Testing and Specifications
It helps a lot when you are describing the transformations with examples (specification by example). The business will expect to be able to revise and tune business rules over time, and you cannot ask them to look at your code. But keeping examples up to date is difficult while the development is going on and features are added with agility and speed. Trying to maintain a source-to-target mapping spreadsheet is also very difficult. What if you could do test-driven development on your data processes? This is possible. You describe complex business rules with real-life examples using gherkin (given, when, then), and code your transformations as functions that support testing. I built a dataframe testing function that, after setting up your test data (Given), compares an expected output (Then) of a transformation function to the actual output (When). In my case, those automated tests are in a jupyter notebook that can be published as an HTML document that then becomes your living documentation. No need to keep it in sync, it really exists and is directly executable by your code. The tests become executable specifications.

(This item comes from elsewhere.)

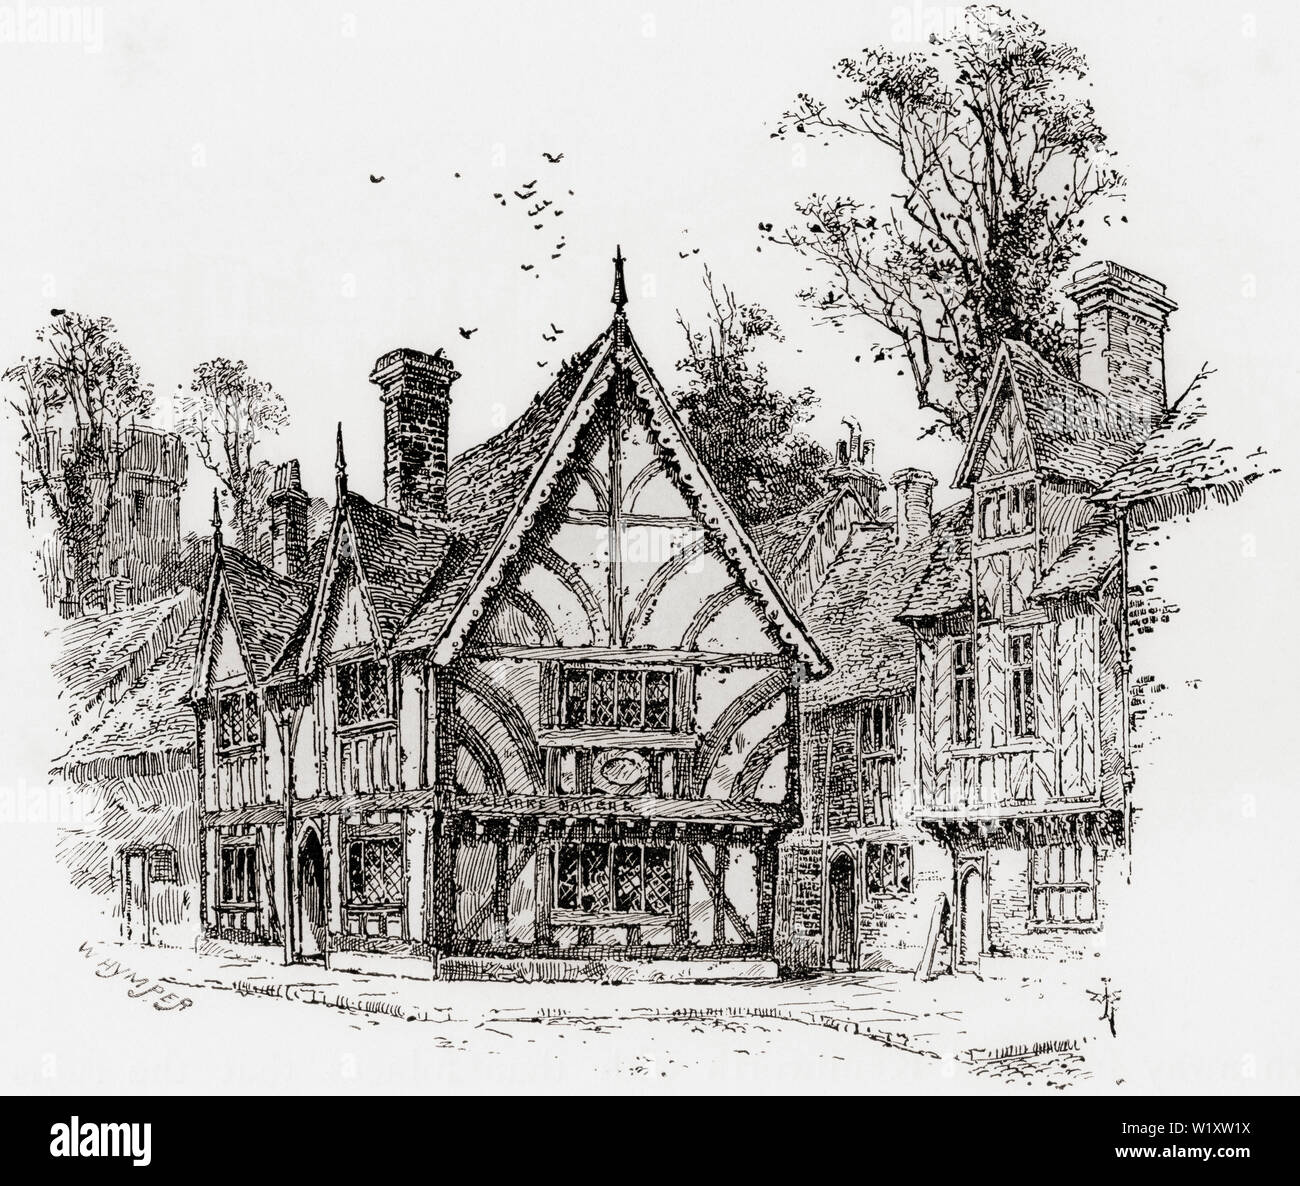 Ein altes Fachwerkhaus in der Castle Street, Warwick, Warwickshire, England, hier im 19. Jahrhundert. Aus dem Englischen Bilder, veröffentlicht 1890. Stockfoto

So, where is the data warehouse?
As you can see, this architecture reads the raw data and computes the final serving tables. There is no concept of a physical data warehouse or intermediate data store where the transformed data is integrated and kept permanently. Before the advances in distributed and in-memory processing, the data warehouse mostly existed to support incremental processing and was required until recently. Now, we have the possibility to process large amounts of data in a fast and easier way, without using incremental techniques. Of course, we still need to do data integration. When integrating disparate attributes coming from multiple sources you may have to use a data structure that looks like a data warehouse … but this structure will be temporary, existing just while the batch processing runs. Also, if you don’t have access to a programming tool that supports missing value filling, you may have to create some temporary fact-based structure (one attribute per table) to support complex data integration scenarios.
So in conclusion, the data warehousing practices are still useful (data vault, anchor, fact-based, etc) but they are getting integrated in the processing code itself instead of having a life of their own outside the code. Much the same thing happens to dimensional modeling. It is still a very good way to present the data to the business but it has now become more of a presentation model than a physical data warehouse model.